Из коридора в кухню влетел бумажный самолетик. Он будто задумался на секунду, а потом медленно спланировал на стол. Тома тут же подхватила его и запустила обратно, но не рассчитала и он врезался прямо в лоб вбежавшему следом мальчишке.
– Ой! – в притворном ужасе Тома ахнула и закрыла руками рот, но тут же звонко рассмеялась, сбрызнула смехом мальчишку, обняла его двумя руками.
– Мама, я кушать хочу! Скоро блины?
– Блины-то скоро, только давай папу сначала дождемся! Уж поди вернуться должен. Обещал по пути в погреб спуститься, варенья принести. Вишневого!
– Фу, не хочу вишневое, оно приторное…
– Ну, хозяин – барин. Не нравится – не ешь. Сметана есть еще.
Тома выключила одну конфорку. Налила на вторую последние капли теста. Его было так мало, что оно не растеклось, а застыло нелепой кляксой.
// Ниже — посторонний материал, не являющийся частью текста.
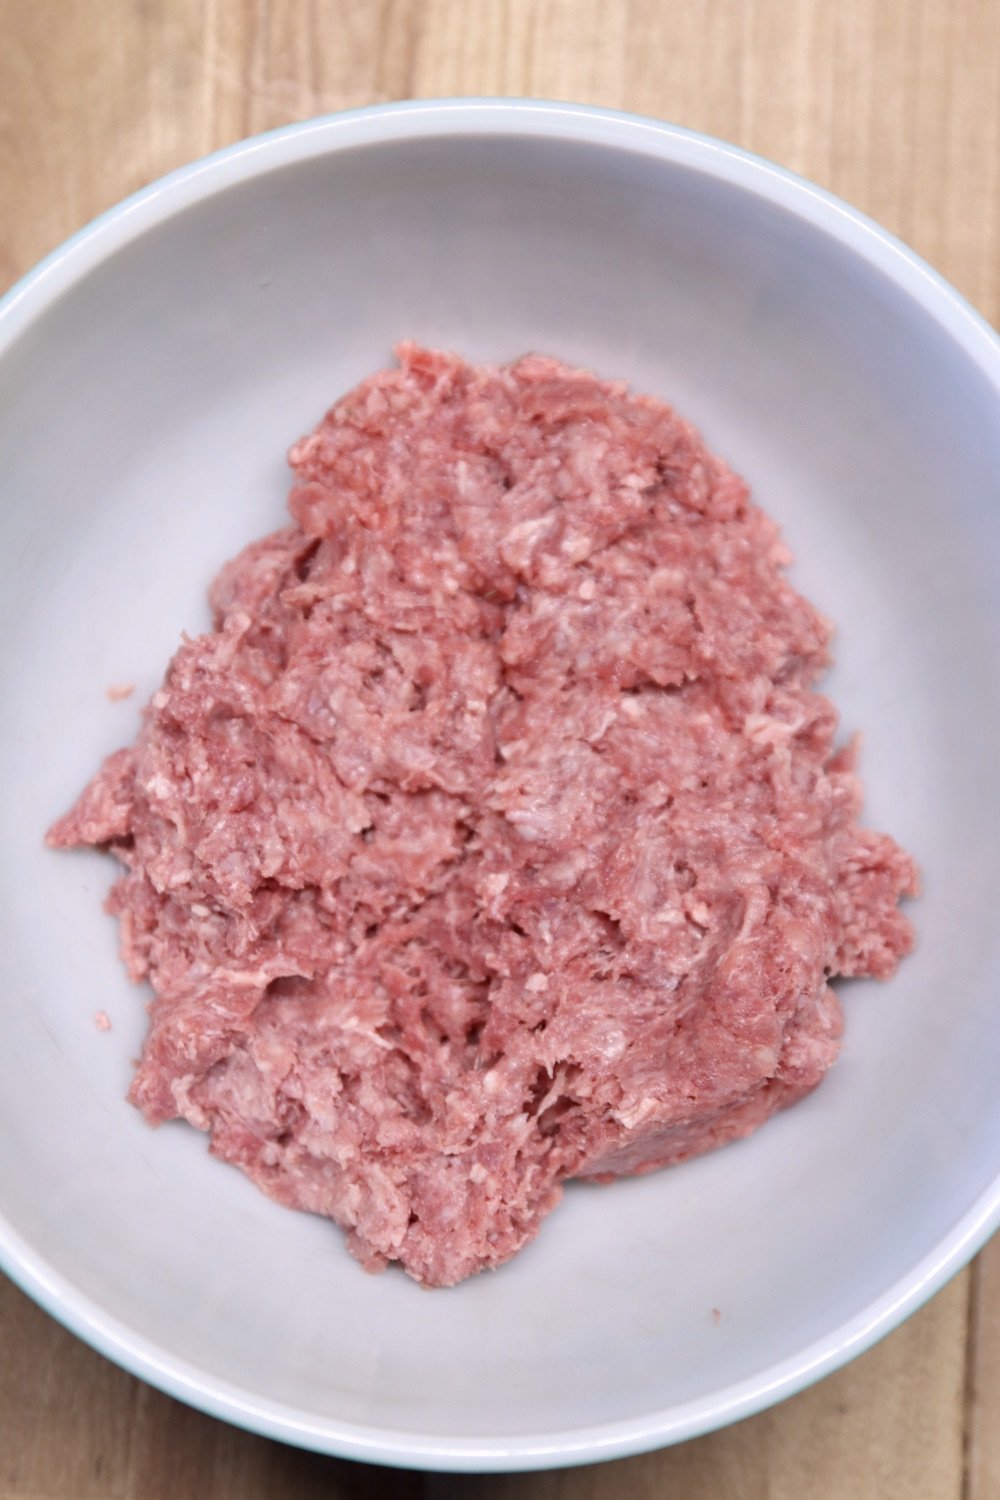 Ground beef in a bowl for making meatballs
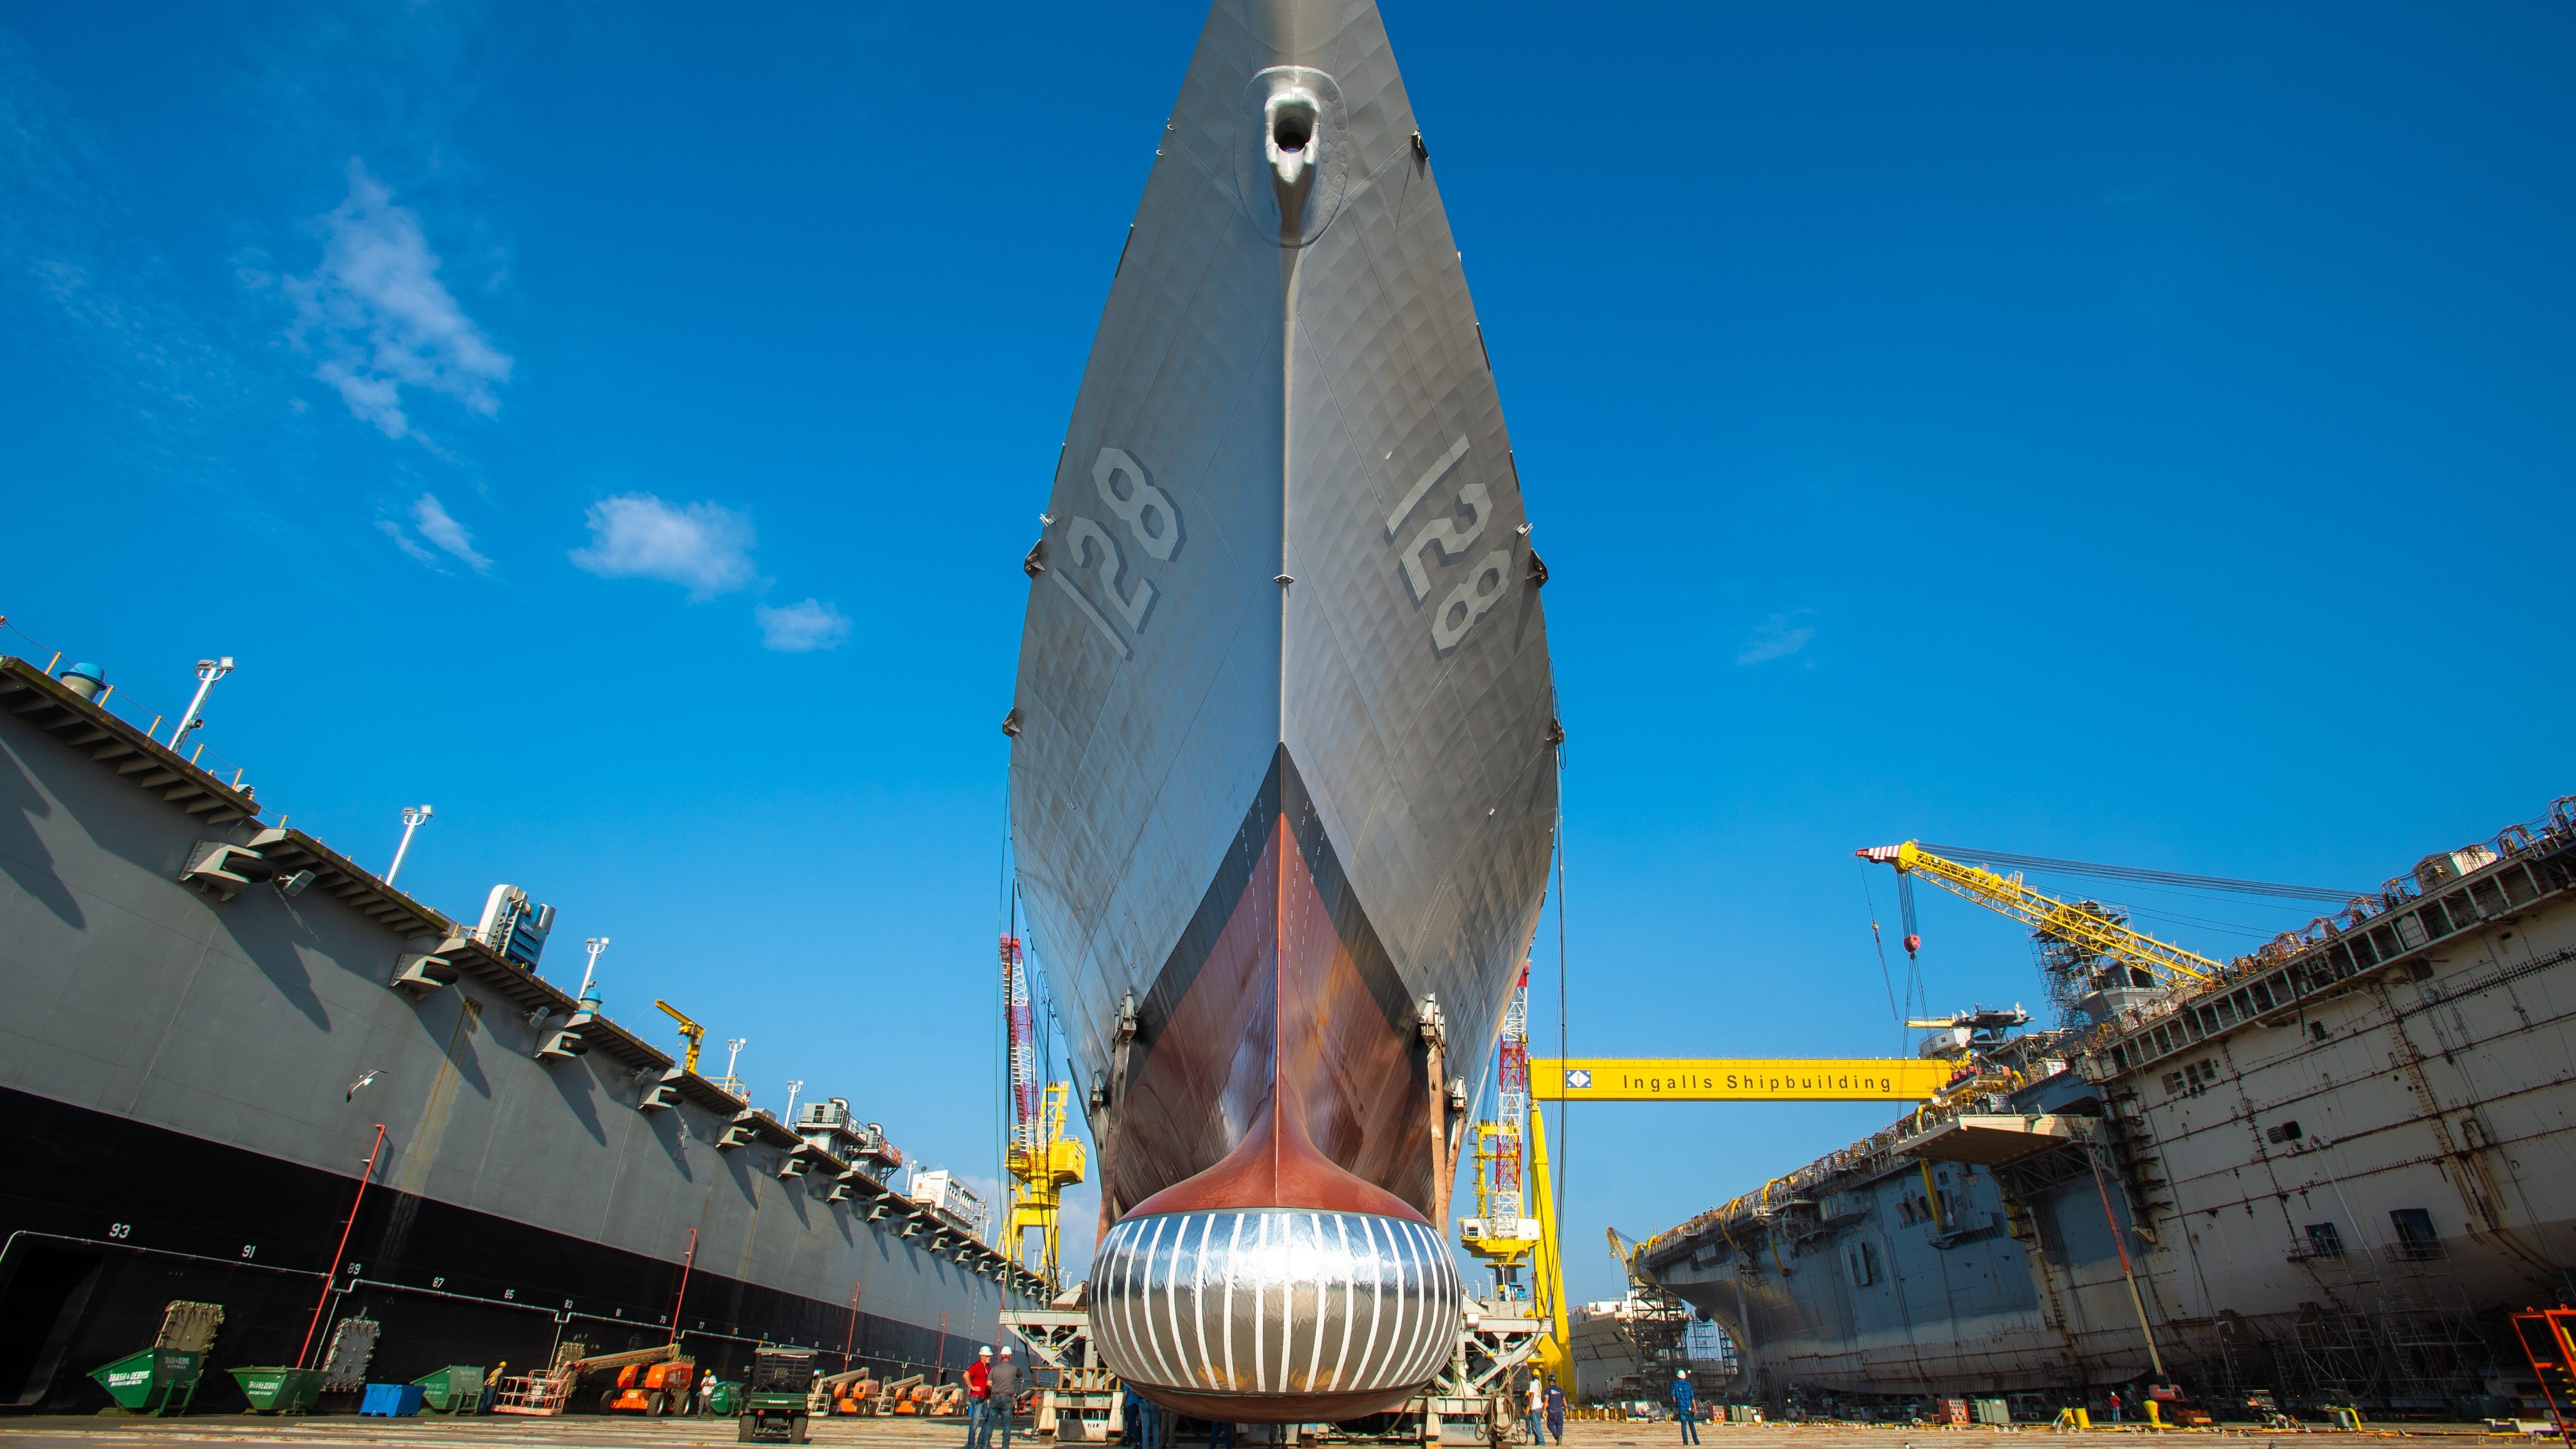 U.S. Navy Guided Missile Destroyers - Ingalls Shipbuilding

– Ой, этот маленький мне, ладно, мама?
– Тебе, Тошенька, тебе, – она улыбнулась и потрепала сына по густым черным волосам. Прав был Леон, не шло ему русское имя, да Тома настояла.
– А папа когда вернется? – мальчик прижался носом к оконному стеклу, разглядывая редких прохожих во дворе. Одни смешно прыгали через черные проталины, боясь замочить ноги в мартовском талом снегу, другие, в блестящих резиновых галошах, шагали размашисто и быстро.
Тома сняла со сковороды последний блин-кляксу, укутала дымящуюся стопку линялым вафельным полотенцем и повернулась к мальчику.
– Он обещал вернуться к обеду, сын. Пойдем пока, почитаем.
Она потянулась вверх, подцепила пальцем шпингалет и отворила створки форточки, покрытые растрескавшейся краской, впустила дрожащий, дерзкий весенний воздух, птичий нестройный гомон, собачий лай и чьи-то голоса. Весна. За окном кипела жизнь, а внутри у Томы заворочалось противное что-то – как будто маленький жучок царапал нутро острыми коготками.
Где же Леон? Она еще несколько минут всматривалась в лица, ища среди них одно, любимое, потом обняла за плечи сына и увела в комнату.
Леон не пришел и через час. Остыли блины, Антошка все больше хныкал и просил есть, и Тома налила налила на кухне две кружки дымящегося чая, накормила и сына, и сама через силу съела один блин, не ощущая ни вкуса, ни запаха.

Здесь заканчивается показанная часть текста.